====== Supplied information ======

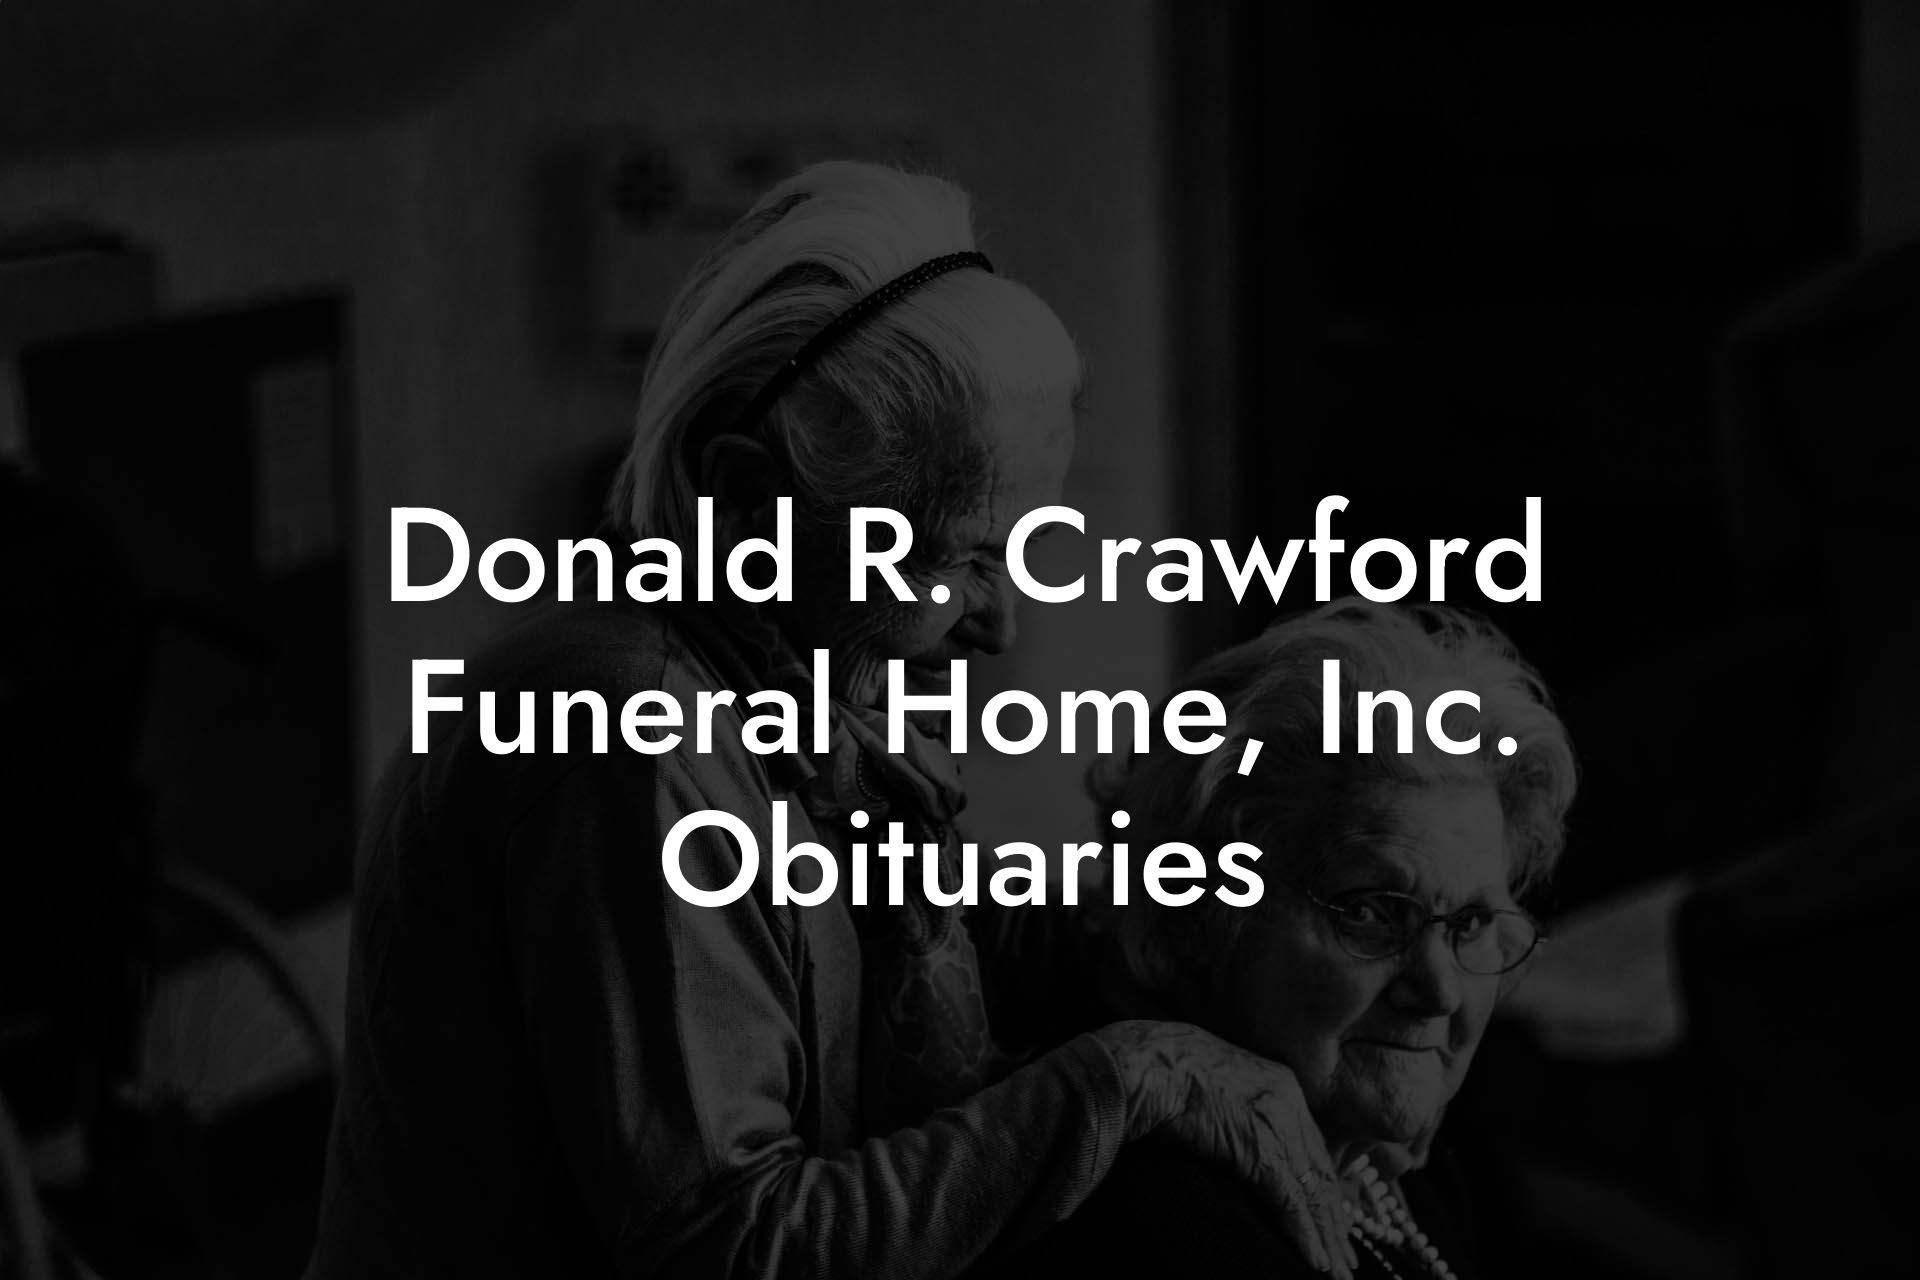 Donald R. Crawford Funeral Home, Inc. Obituaries
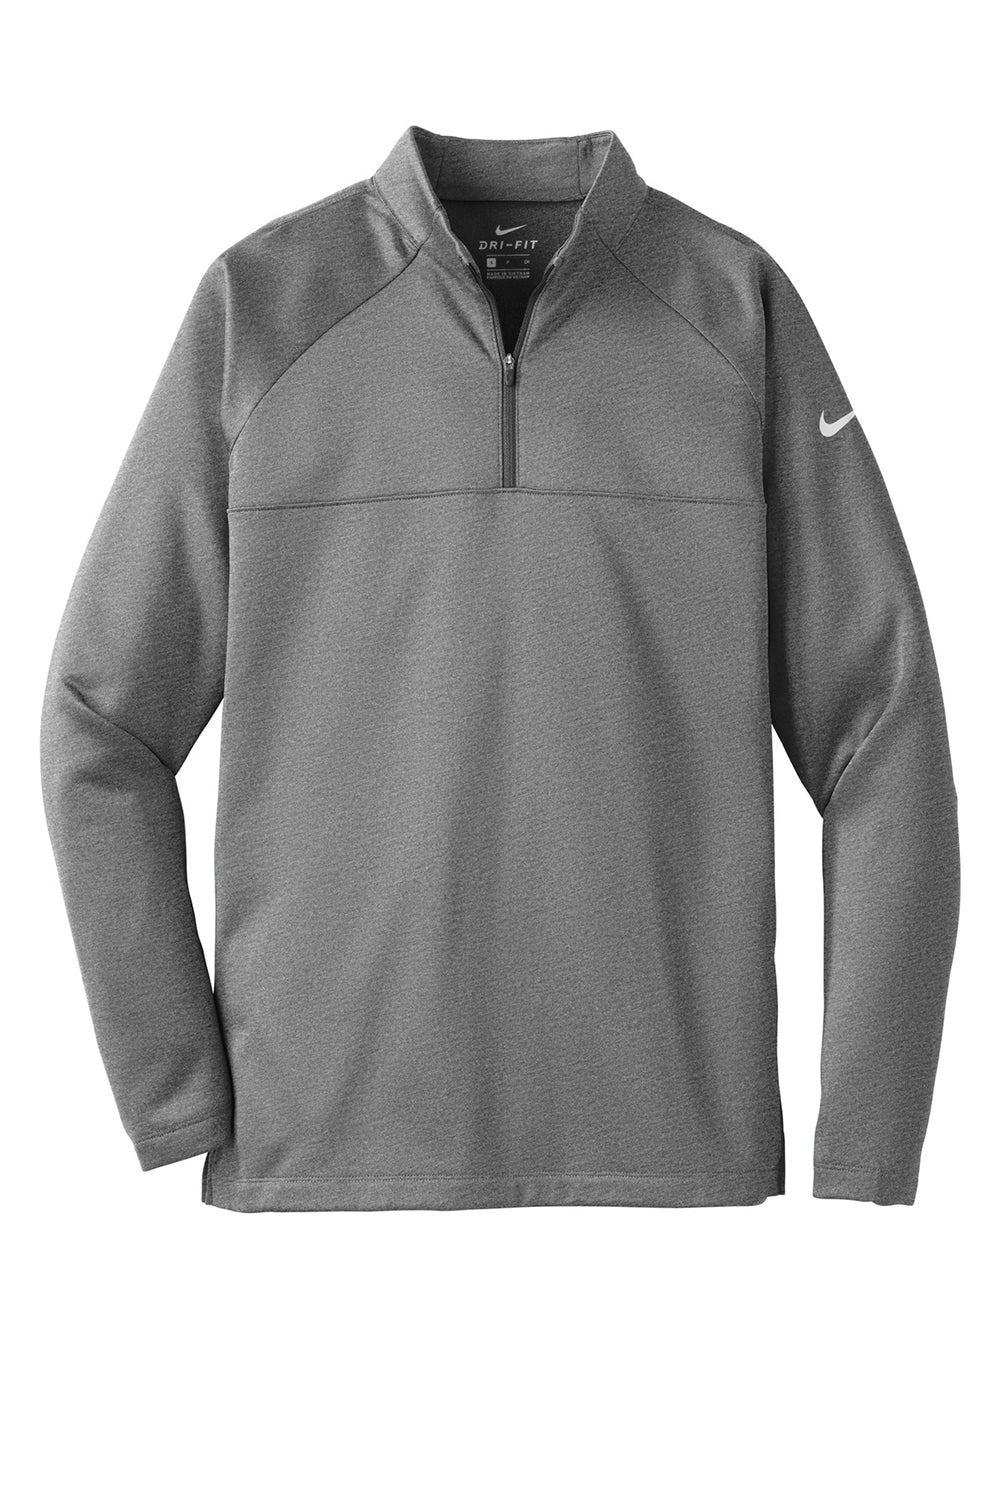 Nike NKAH6254 Mens Therma-Fit Moisture Wicking Fleece 1/4 Zip Sweatshirt Heather Grey Flat Front
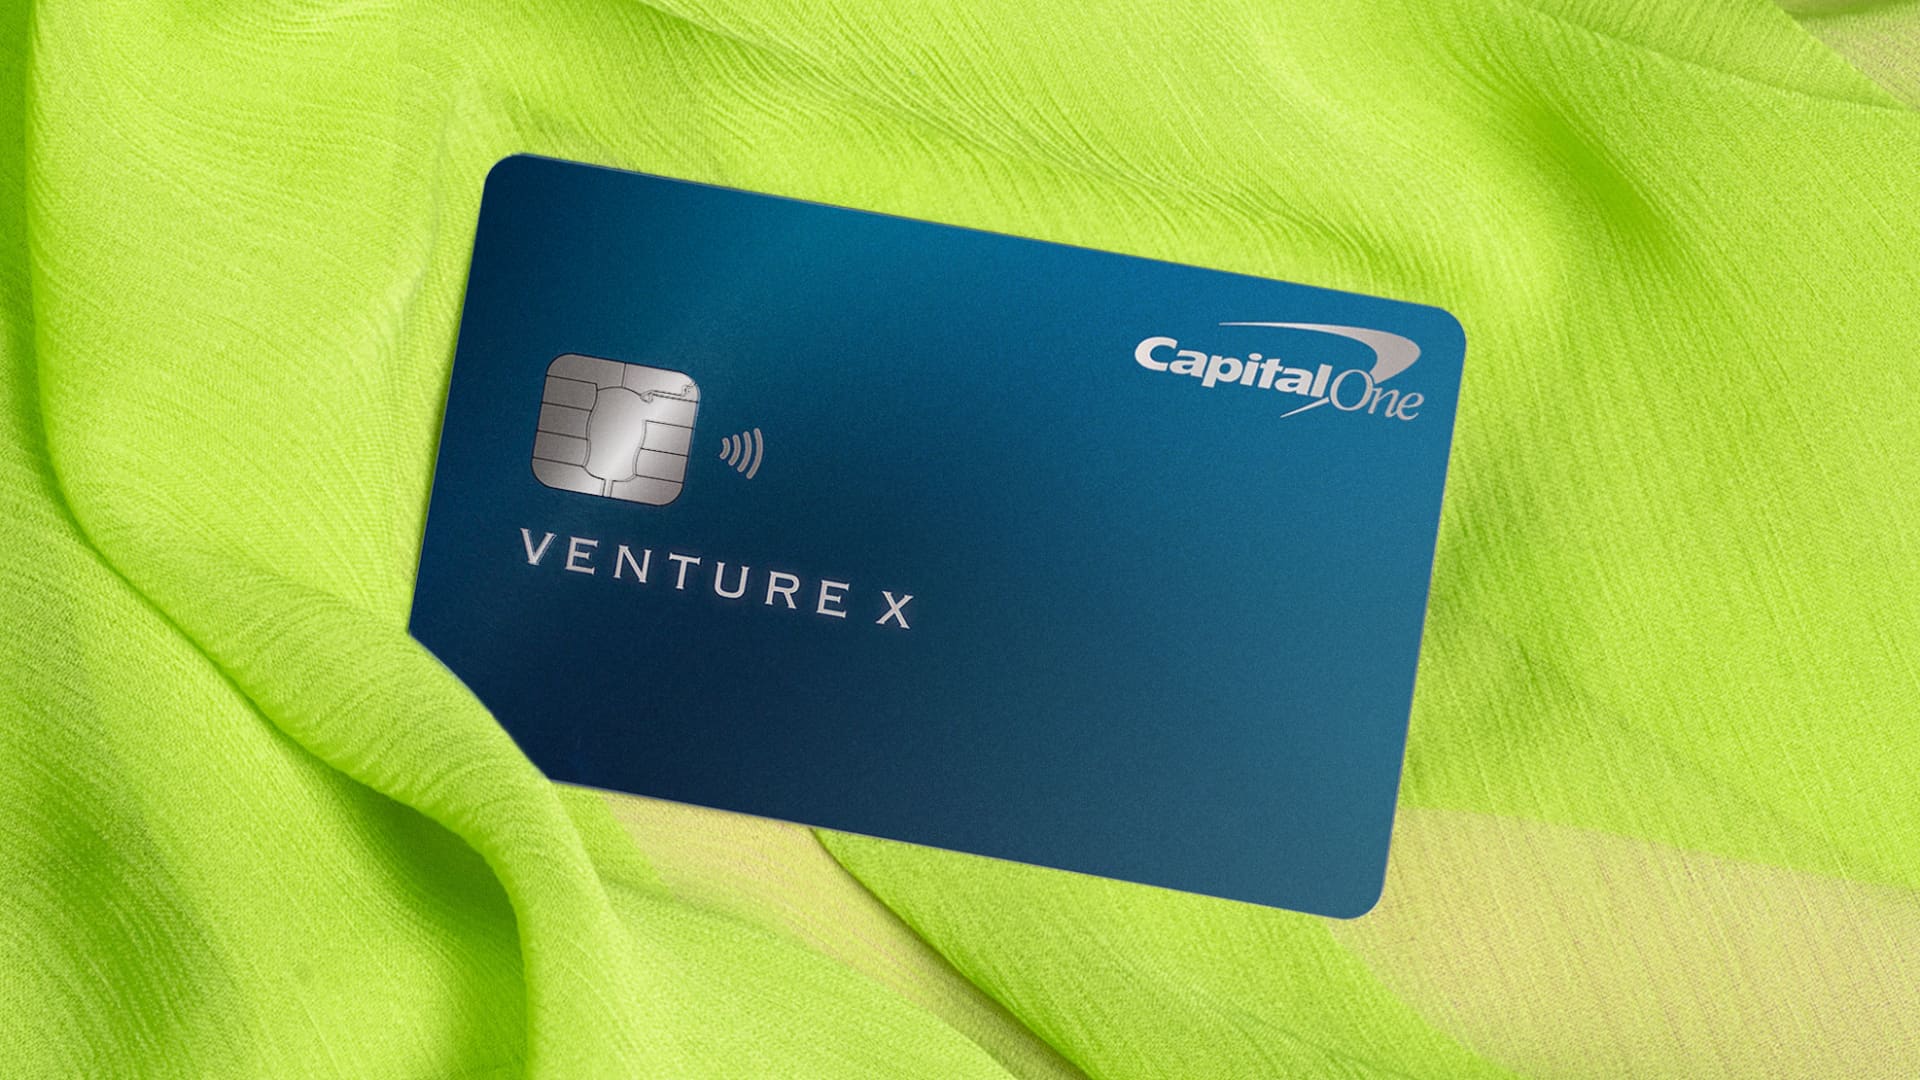 My 6 favorite Capital One Venture X benefits

======

Exercise objective: Take the listing and print it again exactly, but without any pictures.

Output of the task:
 Donald R. Crawford Funeral Home, Inc. Obituaries
 Nike NKAH6254 Mens Therma-Fit Moisture Wicking Fleece 1/4 Zip Sweatshirt Heather Grey Flat Front
 My 6 favorite Capital One Venture X benefits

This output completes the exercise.